━━ Data section

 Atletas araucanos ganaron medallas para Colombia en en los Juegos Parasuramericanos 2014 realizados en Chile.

━━━━
━━ Data section

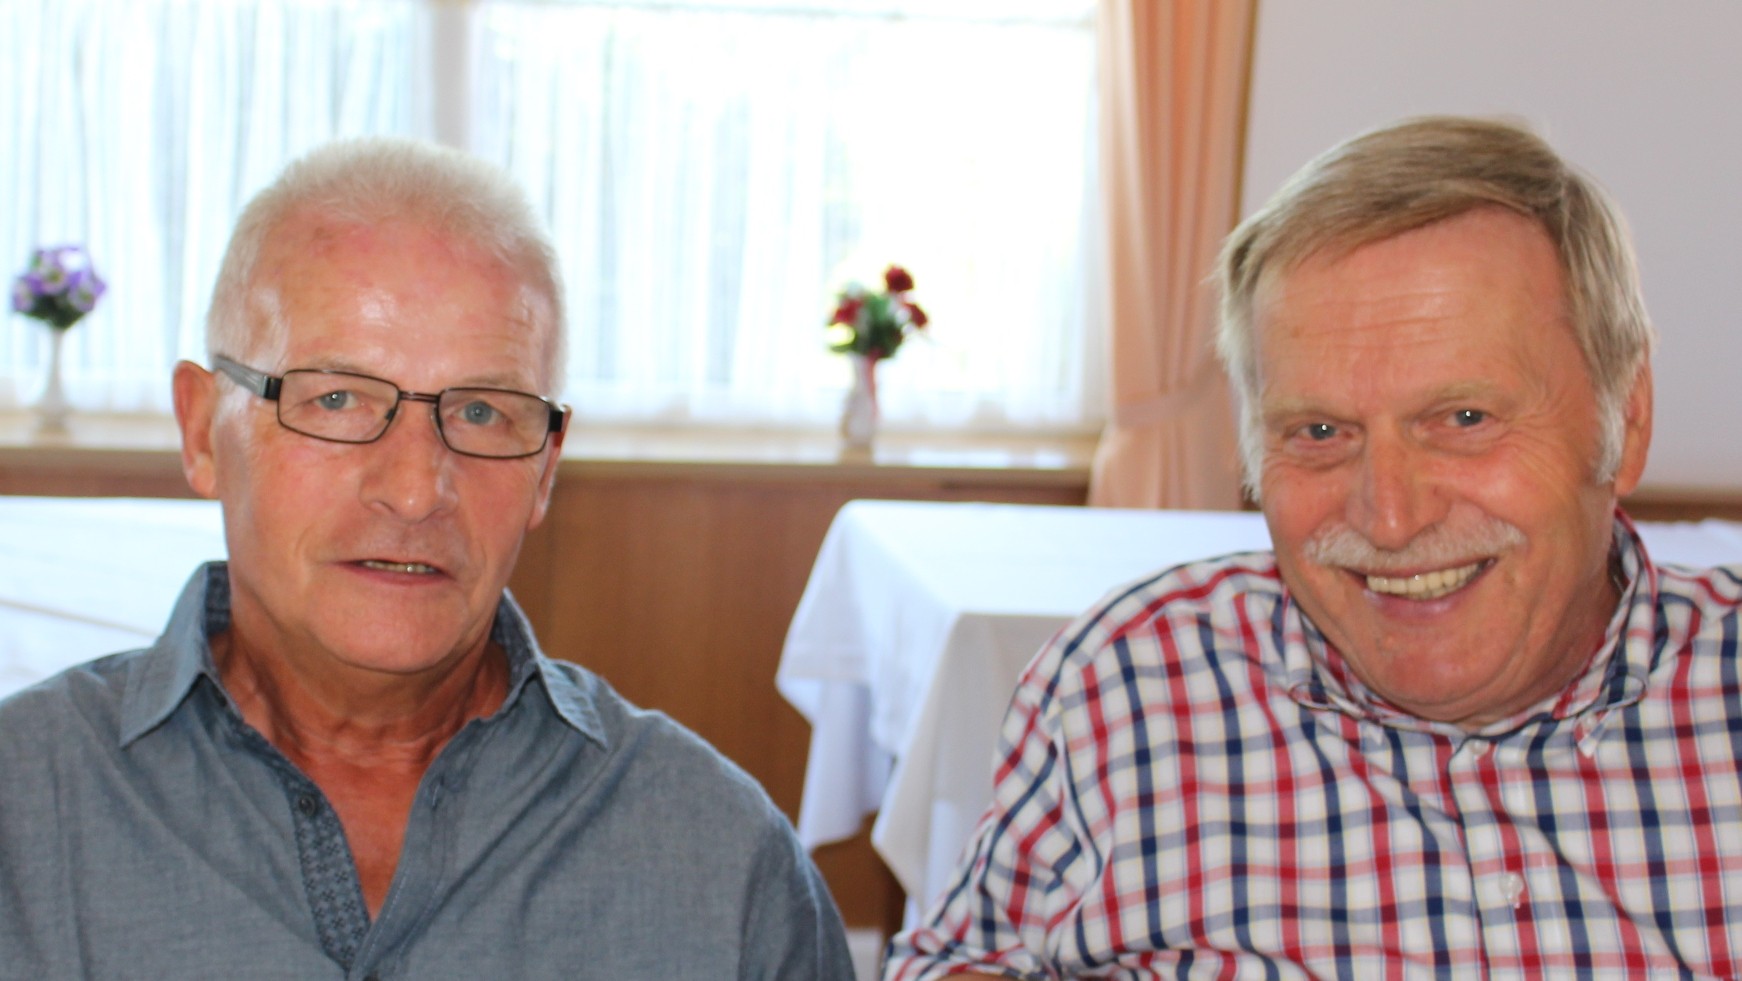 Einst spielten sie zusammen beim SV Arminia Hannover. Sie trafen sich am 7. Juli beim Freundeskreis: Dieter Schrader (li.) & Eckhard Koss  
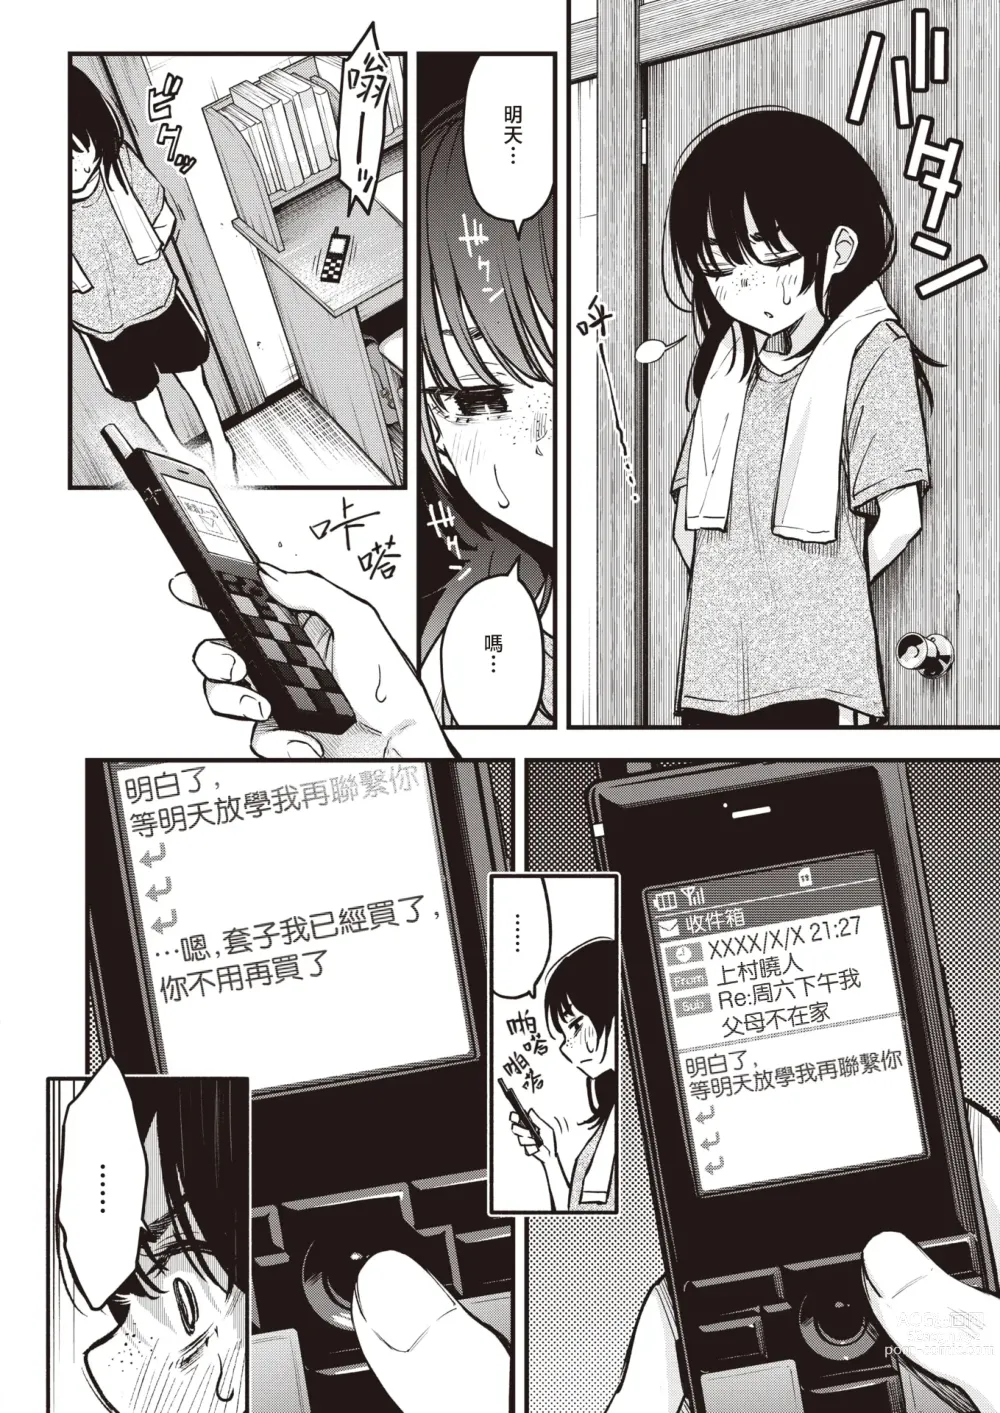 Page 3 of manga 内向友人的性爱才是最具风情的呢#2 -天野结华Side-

━━━━
━━ Data section

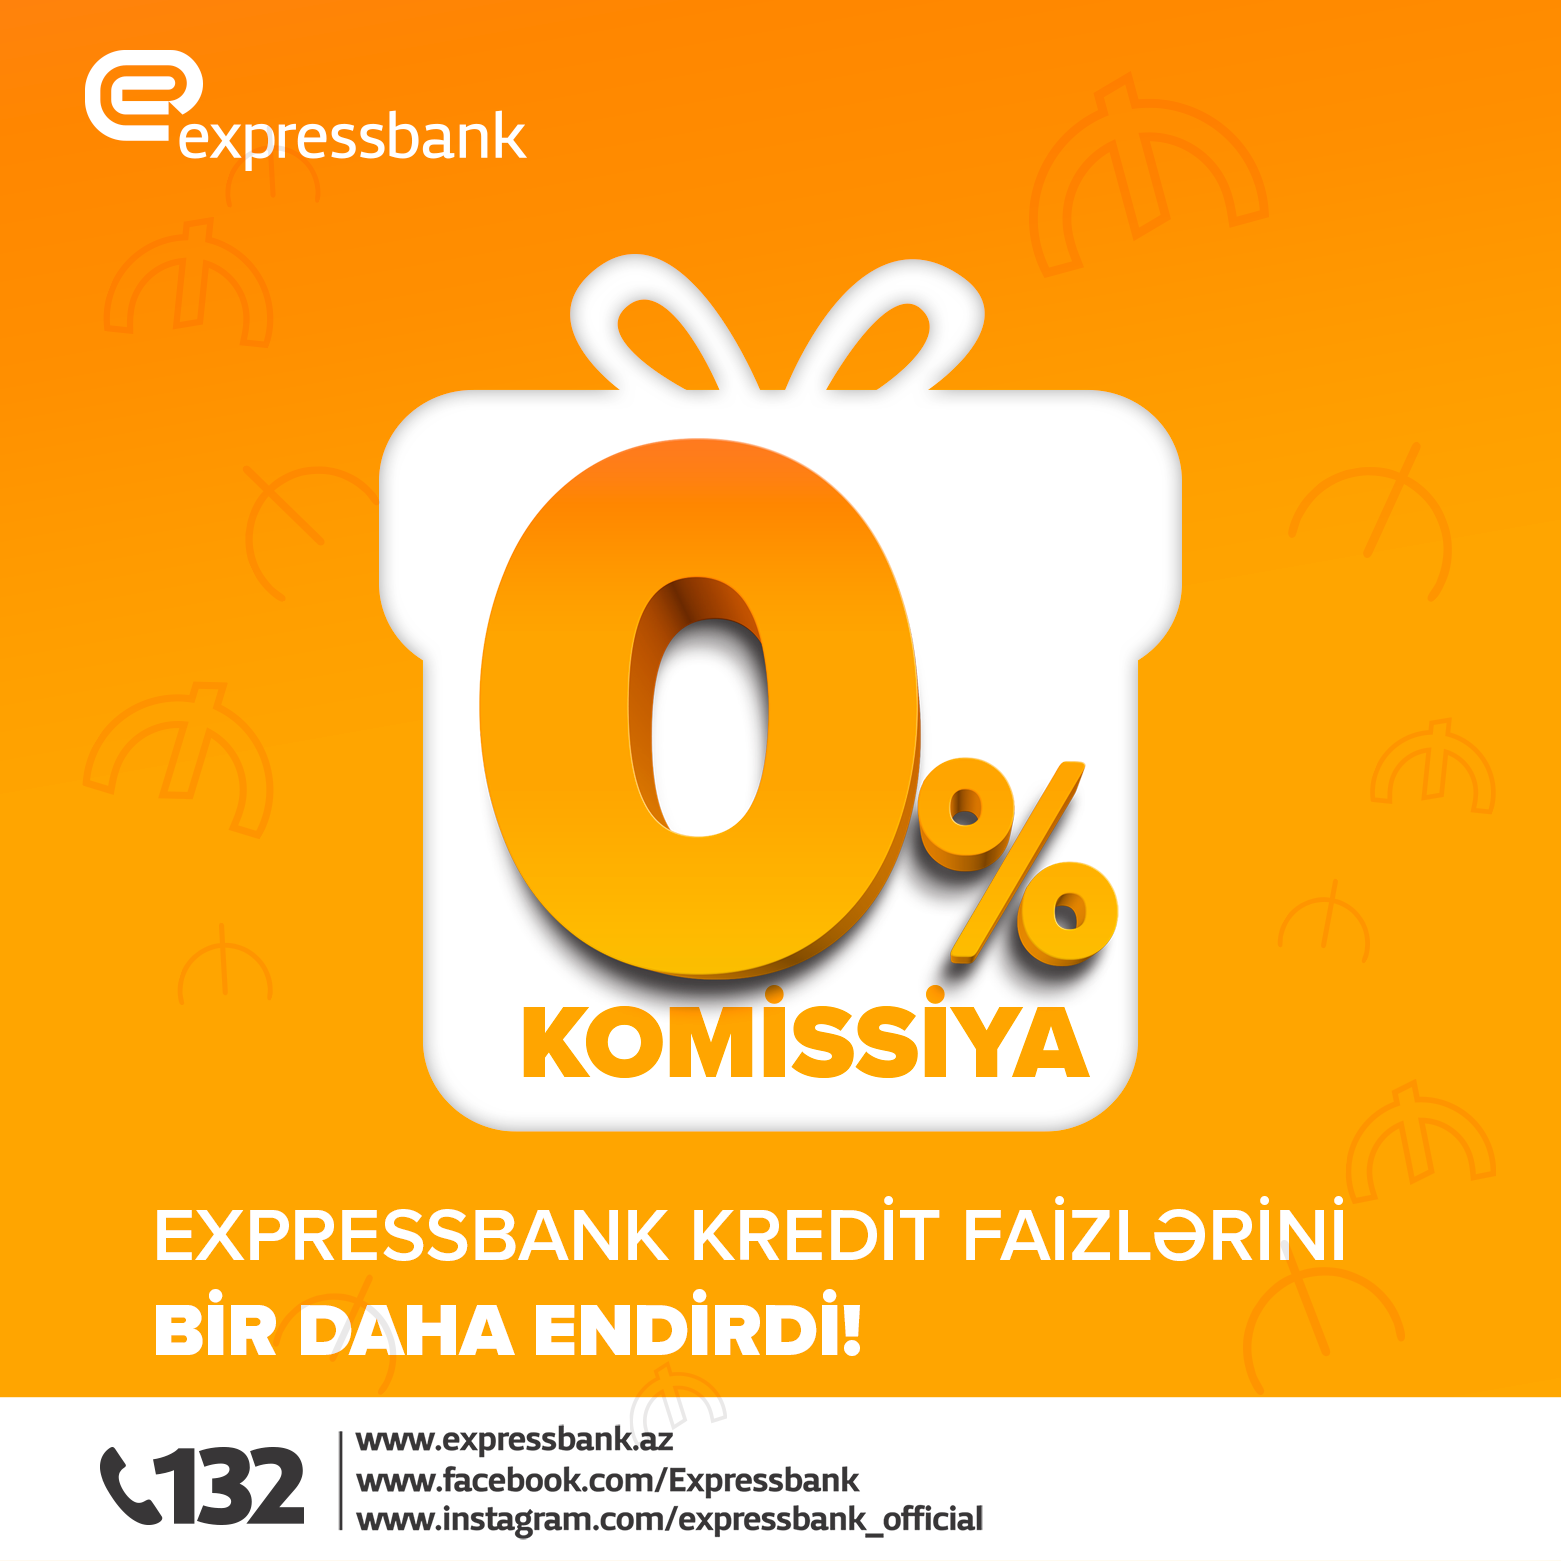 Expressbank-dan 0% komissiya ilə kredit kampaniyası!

━━━━

# What is expected:
In the listing above, find the line with "Einst spielten sie" and the line with "Page 3 of manga". Output both, plus every line between them, and no pictures.

# Expected answer:
 Einst spielten sie zusammen beim SV Arminia Hannover. Sie trafen sich am 7. Juli beim Freundeskreis: Dieter Schrader (li.) & Eckhard Koss  
 Page 3 of manga 内向友人的性爱才是最具风情的呢#2 -天野结华Side-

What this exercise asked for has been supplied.